Nanometers and Picometers: Roadmap to Success with 20 Terabit/in² Patterned Media

Production of patterned magnetic media requires nanometer control of track pitch and feature size variation. Nanometer control implies picometer accuracy and precision. This can be done without significant capital investment in new measurement tools. High-quality, general purpose SEMs and AFMs already in wide use in the HDD industry are capable of providing metrology at this level. In a typical measurement run, one makes images of an appropriate magnification calibration specimen along with the test samples. The resulting images are then analyzed offline with purpose-built calibration and measurement software. When these procedures were applied to measure individual pitch values of the calibration specimens themselves, the relative pitch variation (standard deviation/average pitch) was <0.5% for 7 different specimens whose pitch values cover 3 orders of magnitude (from 2000 down to 35 nm). The method is not only precise, it is also accurate. A 144-nm pitch 2D grating was measured by optical diffraction at PTB, the national standards lab of Germany, and by AFM in our lab.
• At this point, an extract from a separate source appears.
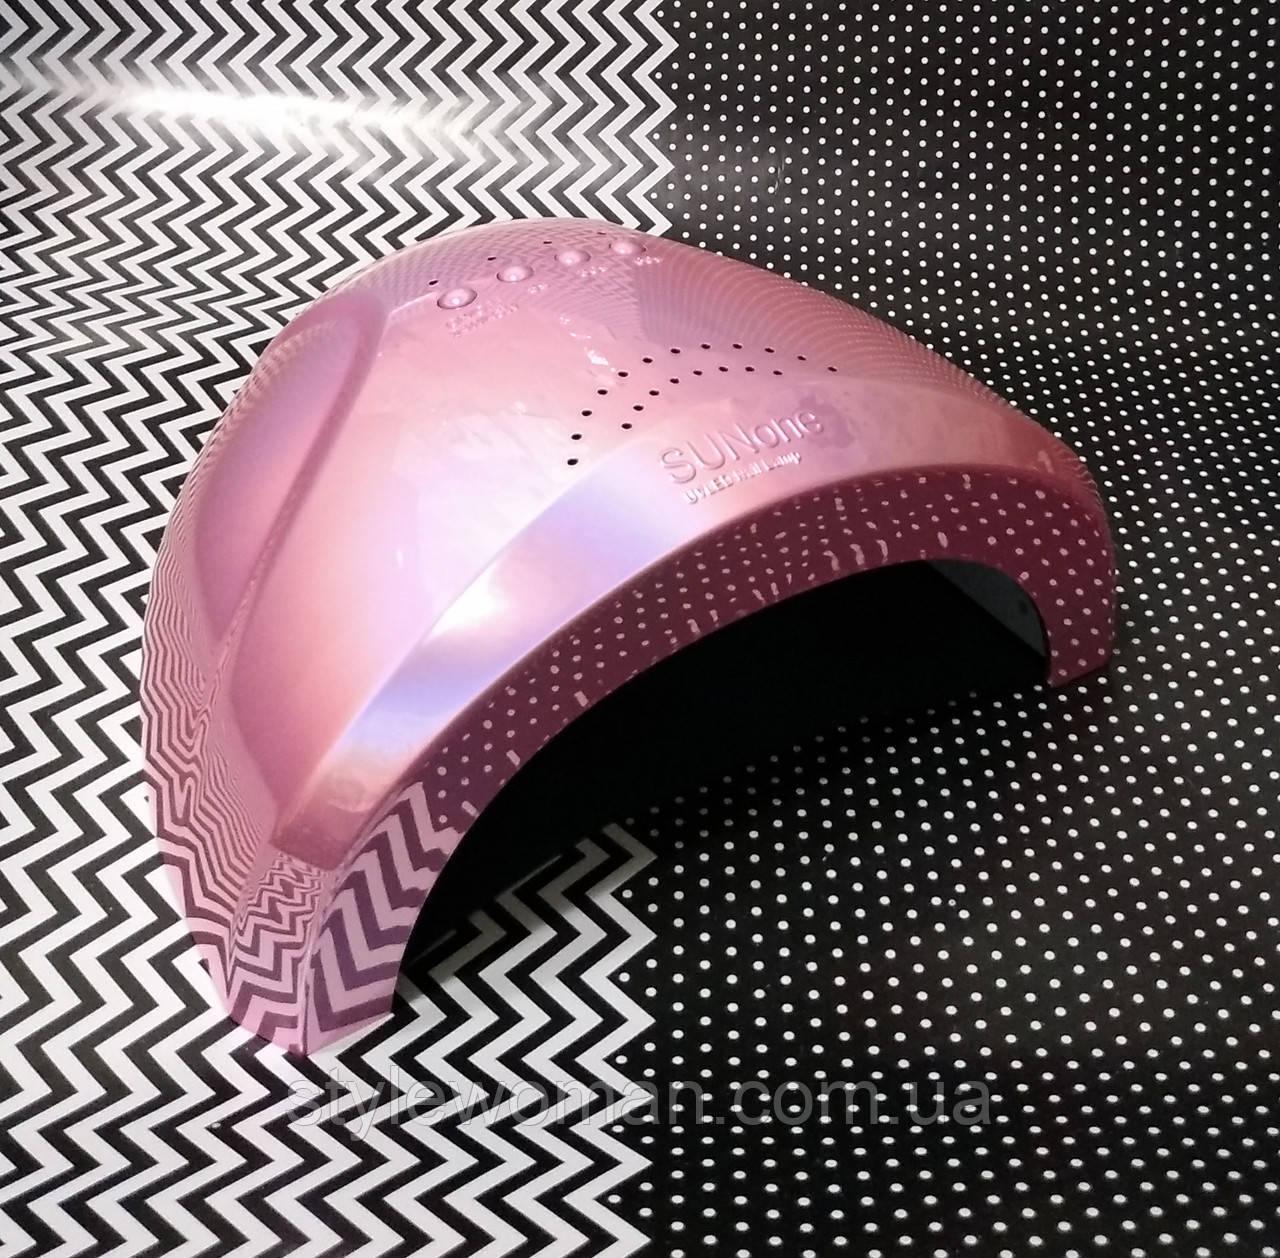 SUN UV LED Лампа Сан Ван 48W профессиональная лампа для сушки ногтей хамелеон розовый жемчуг
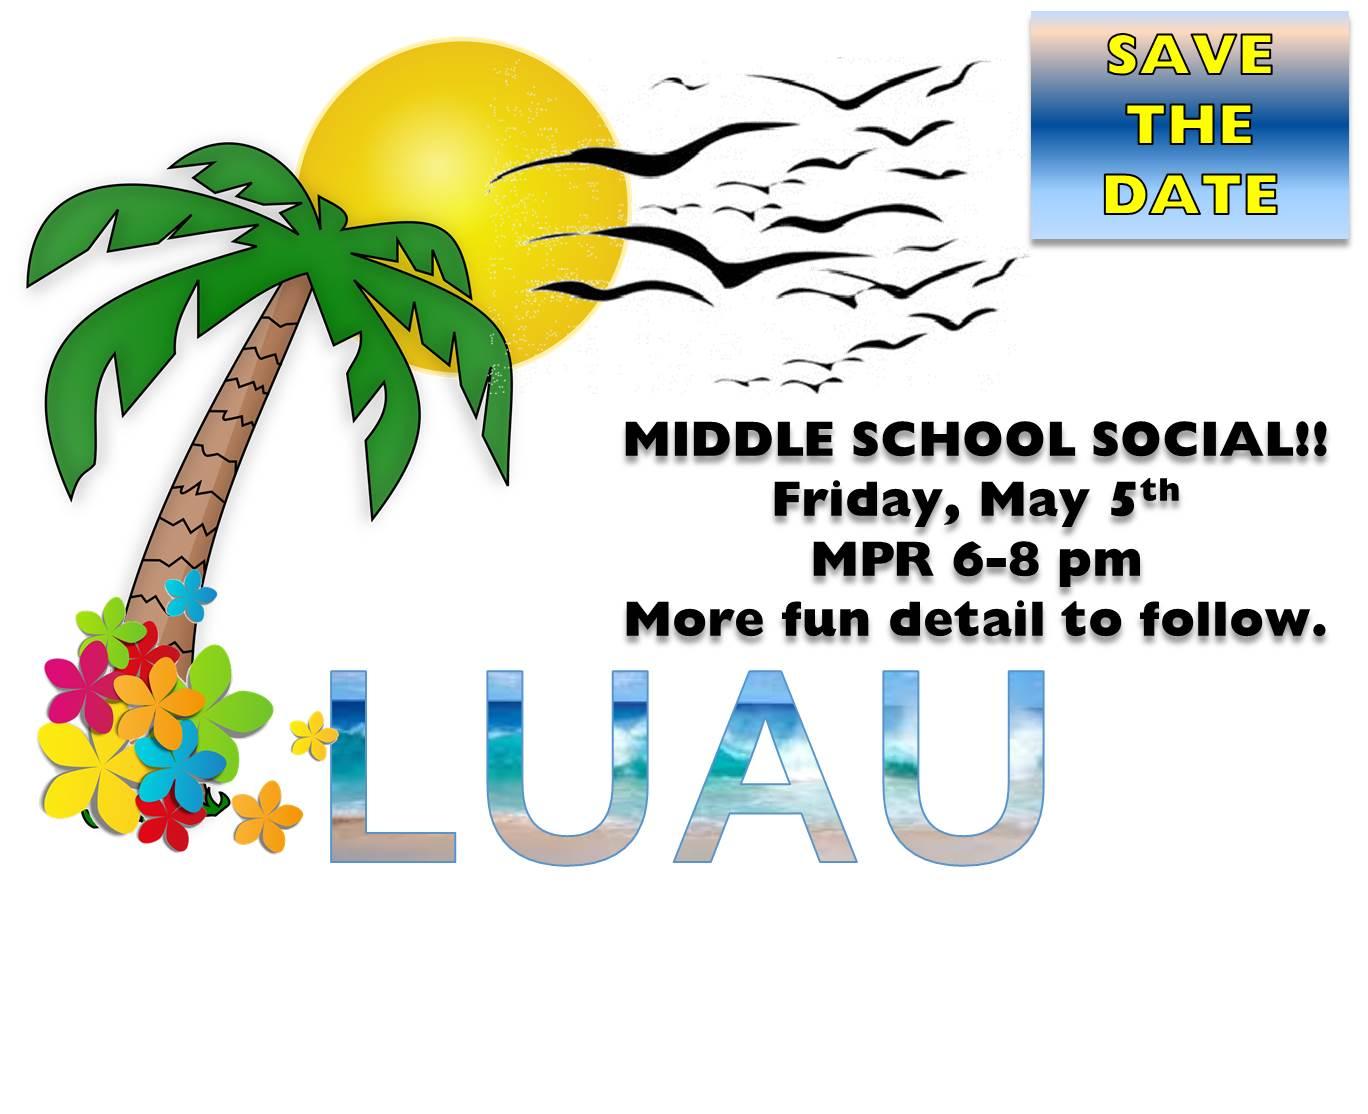 MS-SOCIAL-LUAU-SAVE-THE-DATE.jpg

The average pitch values agreed within 0.023%. We present a metrology roadmap that applies the SEM and AFM methods to measure patterns down to 5 nm pitch, meeting the metrology requirements for patterned media up to densities of 20 Tb/in2. Since announcing this plan in 2008, we have made significant progress, having produced a commercial standard with 70 nm pitch. The relative standard deviation is <0.3% and our certificate of traceable calibration for this standard shows an expanded uncertainty of +-0.4 nm for single pitch measurements. The 70 nm standard is better than the roadmap requires.